The mode is the value that appears most frequently in a dataset. Similar to percentile functions, the `MODE()` function is also used with the `WITHIN GROUP` clause.

**Example:**

```sql
SELECT MODE() WITHIN GROUP (ORDER BY amount) AS mode_amount
FROM sales;
```

This query returns the mode of the `amount` column in the `sales` table.

## **Combining Descriptive Statistics**

You can combine multiple descriptive statistics in a single query to get a comprehensive summary of your data.

**Example:**

```sql
SELECT
    AVG(amount) AS average_sale,
    SUM(amount) AS total_sales,
    MIN(amount) AS smallest_sale,
    MAX(amount) AS largest_sale,
    PERCENTILE_DISC(0.5) WITHIN GROUP (ORDER BY amount) AS median_disc,
    PERCENTILE_CONT(0.5) WITHIN GROUP (ORDER BY amount) AS median_cont,
    MODE() WITHIN GROUP (ORDER BY amount) AS mode_amount
FROM sales;
```

This query provides a complete summary of the `amount` column, including the average, total sum, minimum, maximum, median (both discrete and continuous), and mode.

## **Conclusion**

Descriptive statistics in PostgreSQL can be efficiently performed using built-in SQL functions.

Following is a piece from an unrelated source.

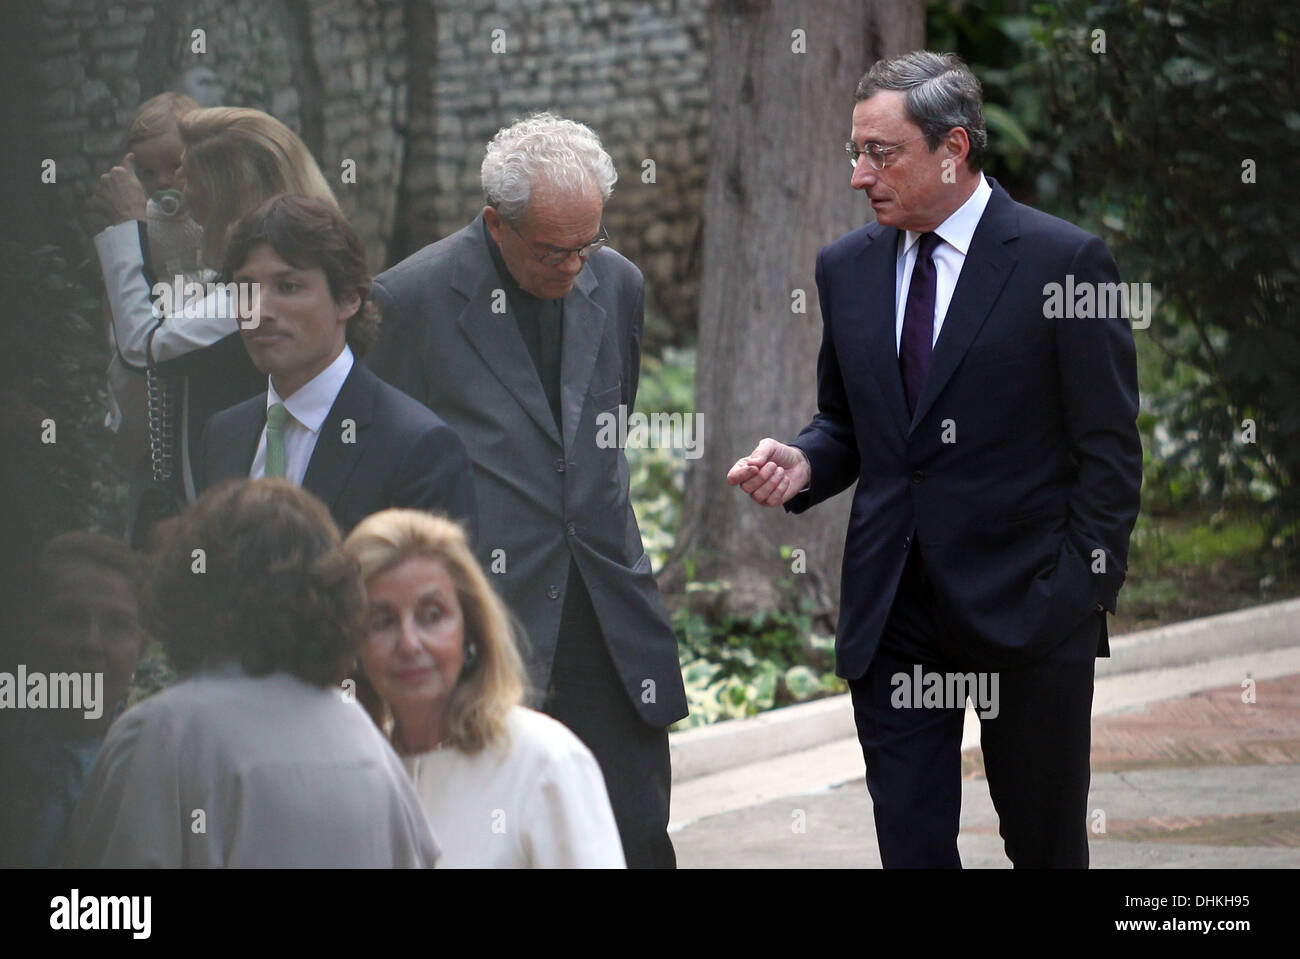 Roma Mario Draghi, President of the European Central Bank from 1 November 2011, with his family, his wife Serena Hat (white coat) and his son James, participating in the naming ceremony of his nephew in the church of St. Agnes in Rome.  Mario Draghi speaks before the ceremony with a priest and confess it seems.  Stock Photo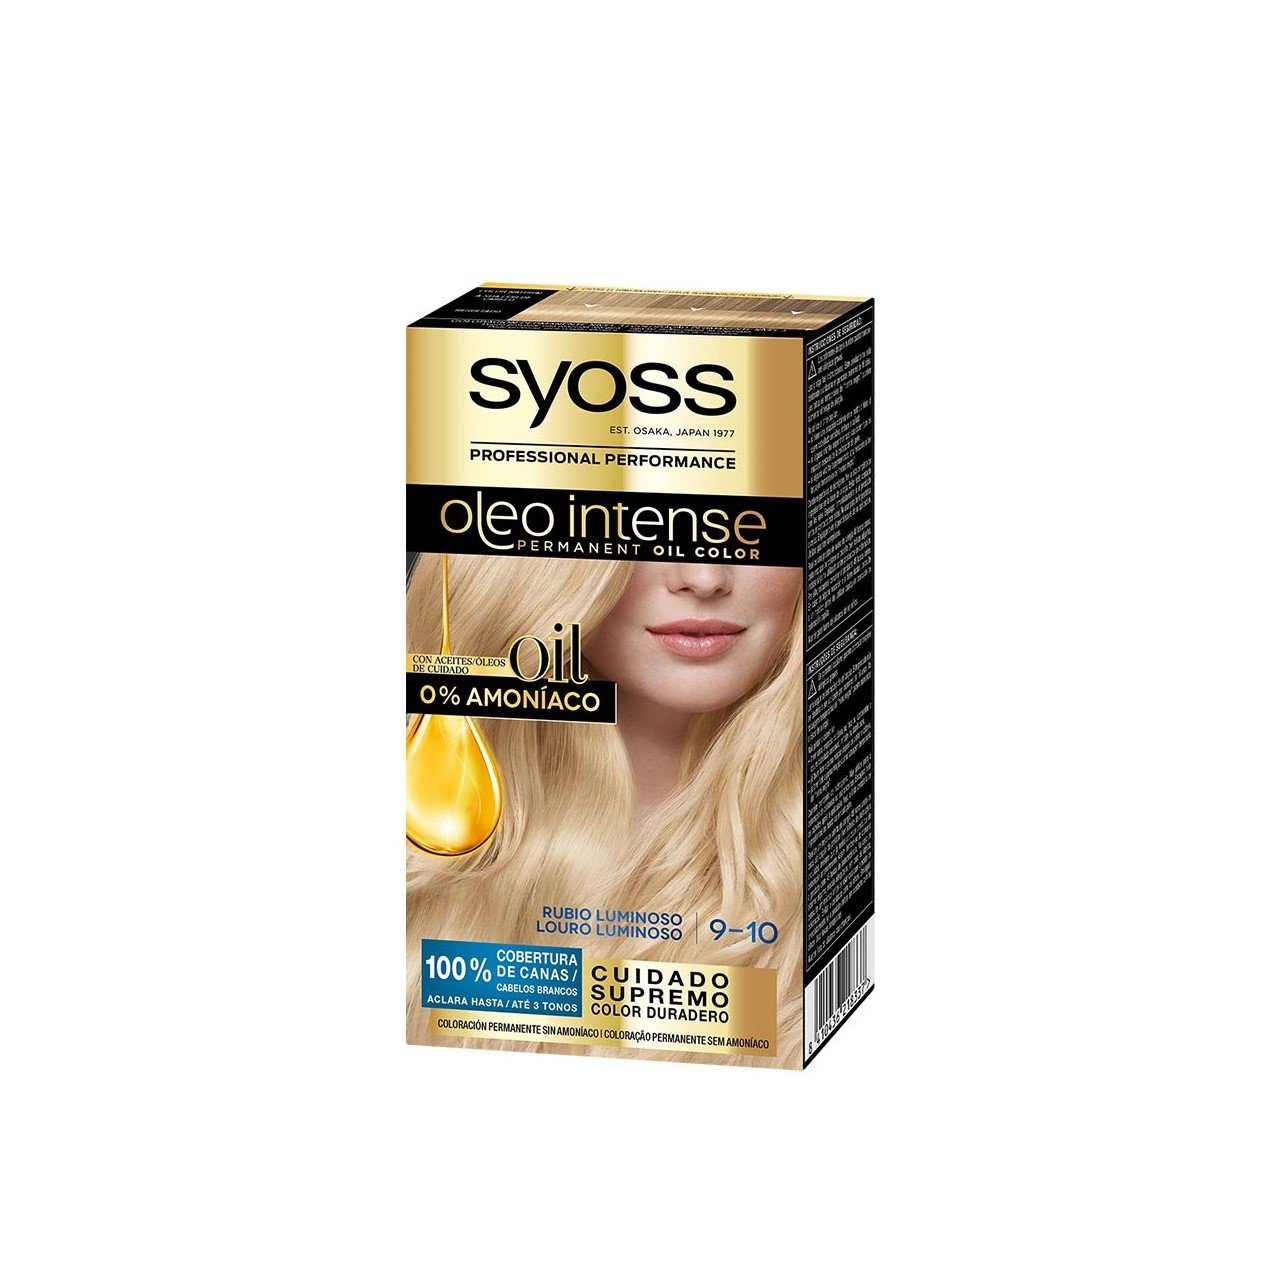 Syoss Oleo Intense Permanent Oil Color 9-10 Bright Blonde Permanent Hair Dye

These functions help you summarize and understand your data directly within the database. By utilizing functions like `AVG`, `SUM`, `MIN`, `MAX`, `PERCENTILE_DISC`, `PERCENTILE_CONT`, and `MODE`, you can perform a comprehensive statistical analysis of your data sets. Understanding and applying these functions will enhance your data analysis capabilities in PostgreSQL.